AMES, Iowa – Changing population densities in urban areas across the globe could have major implications for building energy use and sustainability in the decades to come, according to a new study published by a team of international researchers that includes two Iowa State University scientists.
The research team studied global urban population densities and associated energy use through the creation of intricate computer models that analyzed multiple scenarios, said Yuyu Zhou, an assistant professor of geological and atmospheric sciences and co-author of the study. It’s the first global-scale analysis of future urban population densities and associated building energy use, Zhou said.
“Getting a handle on building energy use in the decades to come will help to answer questions about sustainable urban development,” he said.
The models made projections through 2050 and found that evolving urban densities will have the greatest effect in determining building energy use in developing regions, Zhou said.

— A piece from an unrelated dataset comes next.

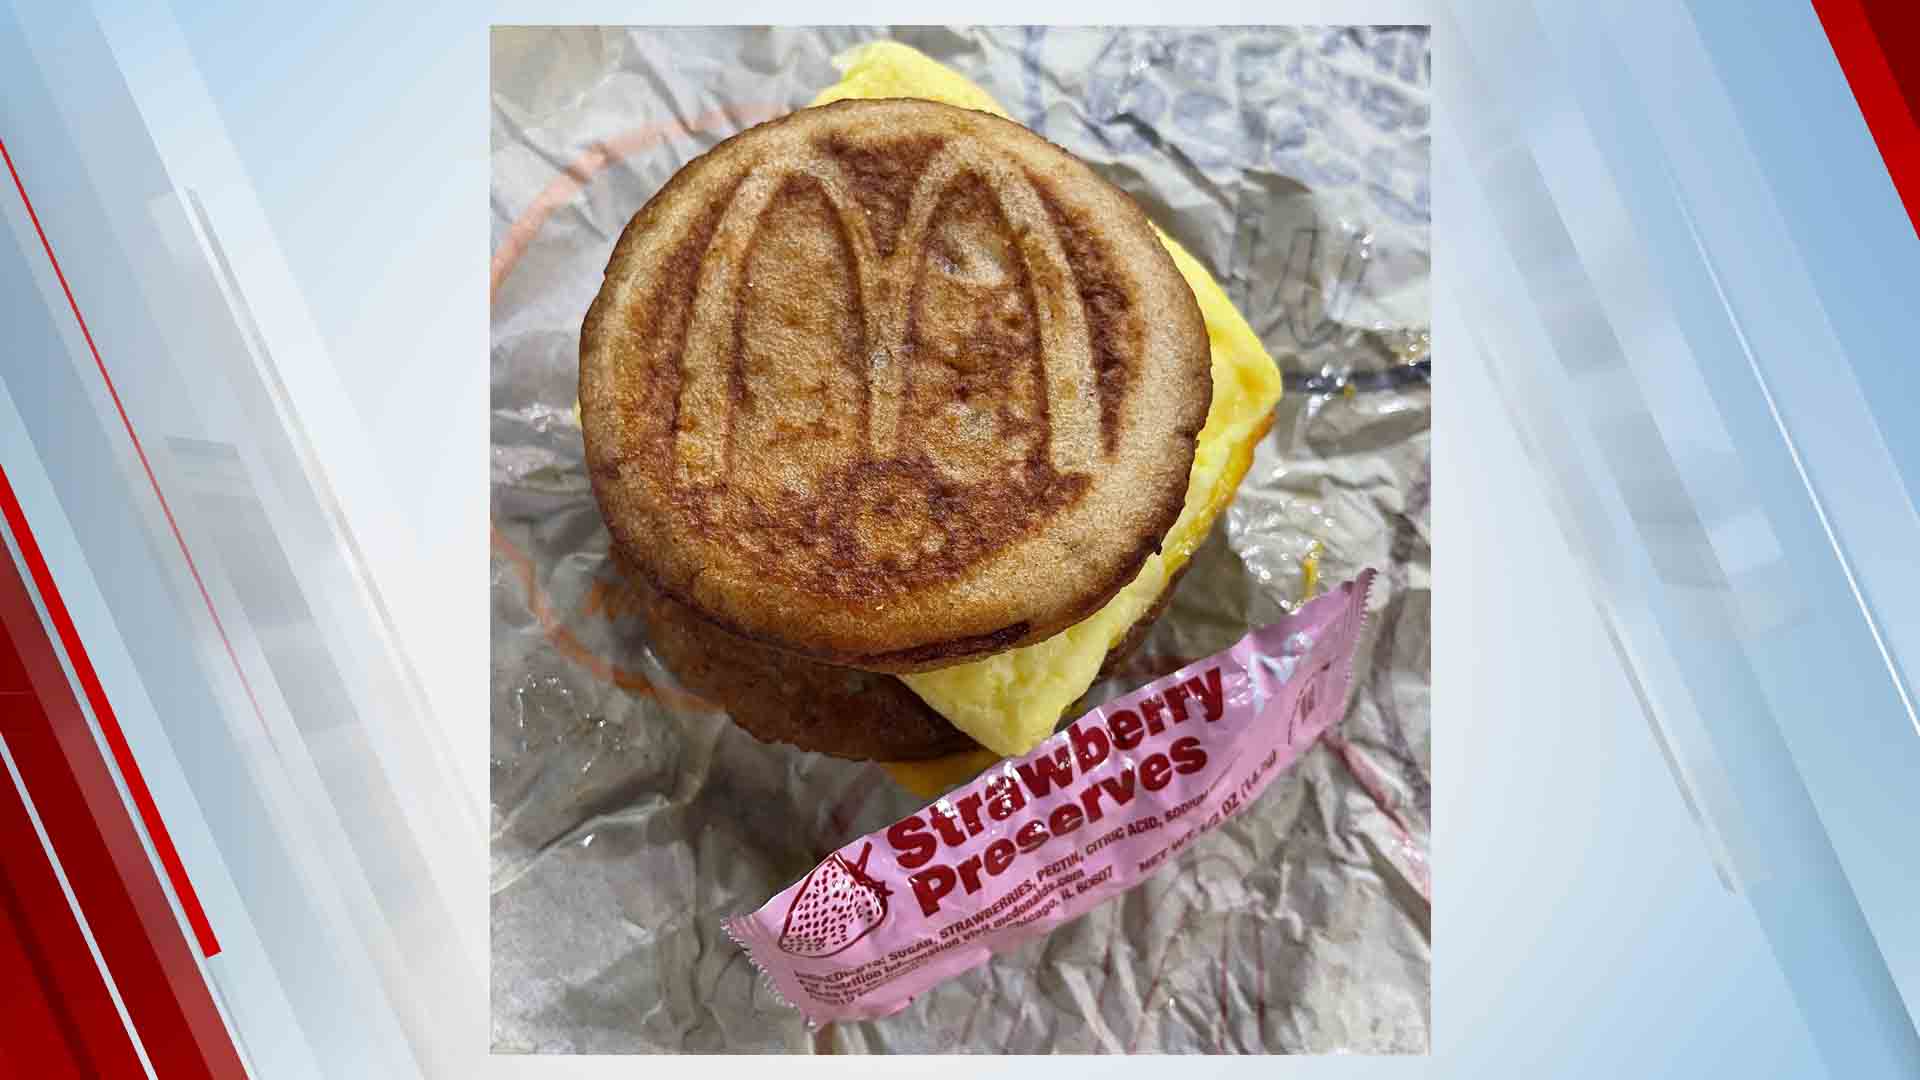 Taste Test Tuesday: McGriddle With Jelly

In general, as urban areas become less dense, they require more energy to heat and cool. In developed nations, the adoption of new energy efficient technology will play a roughly equal role in urban building energy use, Zhou said.
“Ideally, we want to save energy in the future, and studies like this one can show us how building energy use changes as our cities grow,” Zhou said.
Annual energy use for heating and cooling in North America will increase between 15 and 30 percent, according to the paper. The region that includes China, Cambodia, Korea, Laos, Mongolia and Vietnam would increase between 35 and 50 percent, overtaking North American energy use across nearly all of the scenarios examined in the study, but that region also has the largest potential for savings.
The study found retrofitting aging urban infrastructure with updated and energy efficient technology has a role to play in improving the global energy outlook, but the study suggested that waiting to retrofit buildings until energy-saving technology becomes more widely available could lead to greater long-term energy savings.
The paper was published this week in the peer-reviewed academic journal Proceedings of the National Academy of Sciences.
Xiaoma Li, a postdoctoral research associate in geological and atmospheric sciences, also is a co-author of the study. Other co-authors included personnel at Texas A&M, Pacific Northwest National Laboratory, Boise State University, Yale University and in Hungary.